Sent from my iPhone using Tapatalk


----------



## Dauntae (Nov 10, 2016)

Yes that has been repowered at some point but still a good heavy duty machine, a little cleanup and some good x-trak tires and that will be a great machine.


----------



## sscotsman (Dec 8, 2010)

ELaw said:


> I realize this isn't super-specific, but it looks like you've got one of the 924000 series "twin stick" models that are a favorite around here.
> 
> You can read more about them here: https://scotlawrence.github.io/ariens/Page7.html


Yep, it's definitely a 1975 to 1978 924000 series, one of those four model years. With the replacement engine, it will be nearly impossible to determine the exact year and model, unless numbers can be found stamped into the frame. Looks like the numbers might have been ground off at the rear of the machine.
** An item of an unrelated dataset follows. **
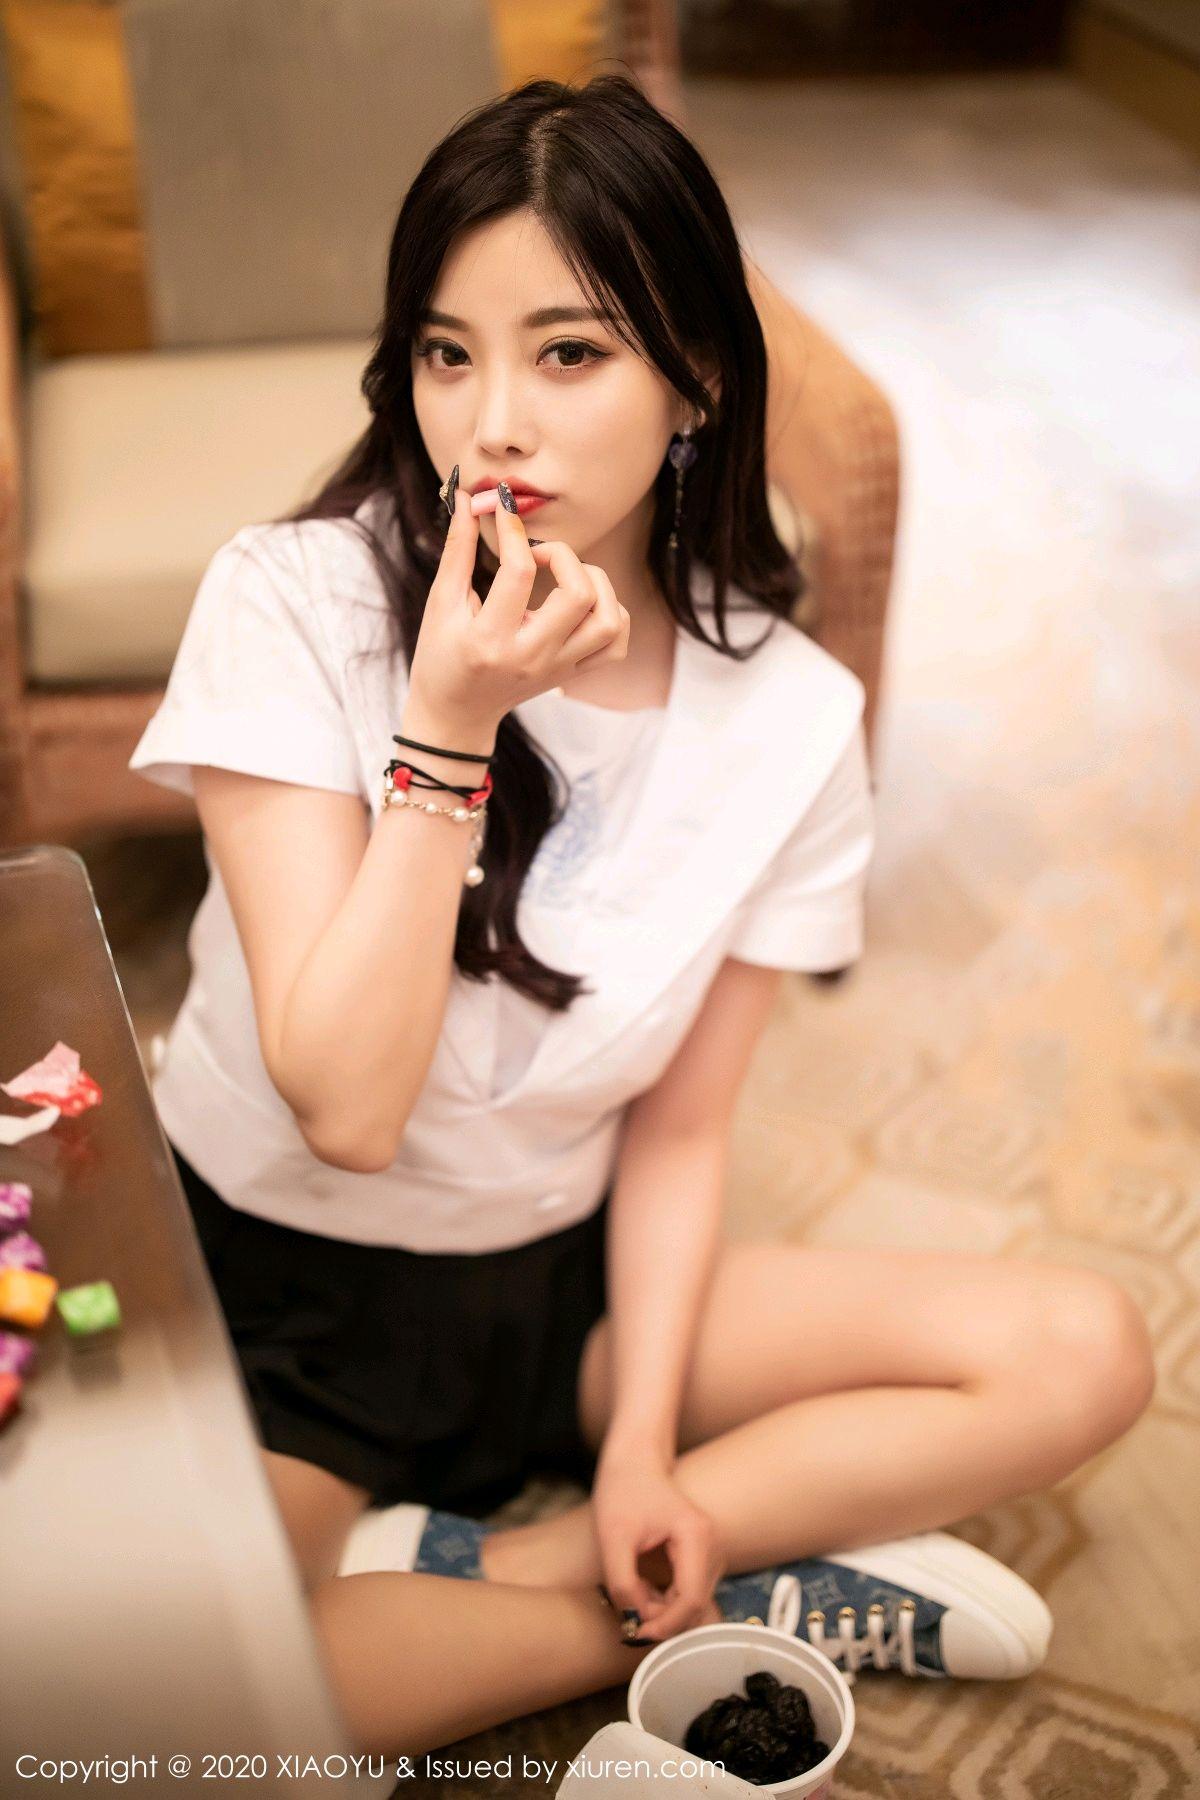 [XIAOYU] Vol.305 Yang Chen Chen 18P, Sexy, Underwear, Uniform, XiaoYu, Yang Chen Chen
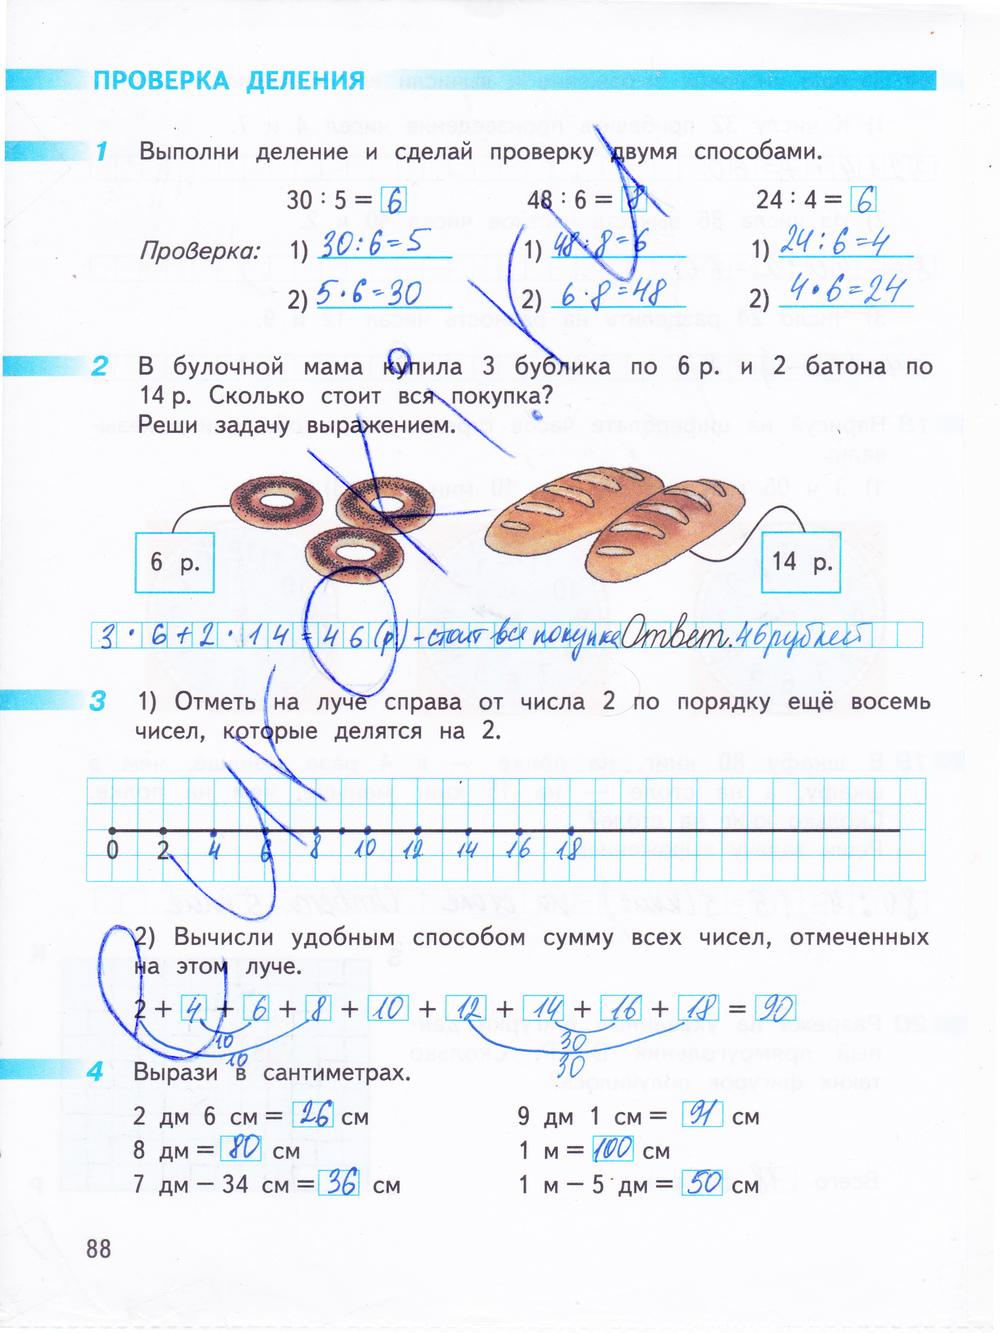 Решебник по математике рабочая тетрадь дорофеев миракова

It's not terribly important for parts though, as the machines themselves (minus the engine) were nearly identical (perhaps literally identical) through that run. It's one of these models:

924018 - 6HP 24" (1975) 
924020 - 8HP 24" (1975) 
924022 - 6HP 24" (1976) 
924026 - 8HP 24" (1976 - 1977 - 1978) 
924032 - 7HP 24" (1977 - 1978) 

Viking, those white Ariens tags probably never had any numbers printed on them. the numbers were stamped into the metal in the vicinity of the tags. Take a close look around for any remnants of stamped numbers, and let us know if you find anything! 

Scot


----------



## TheLastViking (Sep 10, 2017)

Dauntae said:


> Yes that has been repowered at some point but still a good heavy duty machine, a little cleanup and some good x-trak tires and that will be a great machine.


 I did the impeller mod with mudflap rubber and replaced the carb with a $12 EBay special. It doesn’t have the throwing distance of the newer Deluxe 24 I use at work due to lower gearing and impeller speed, but it powers through deep, slushy snow with no clogging or bogging down.


----------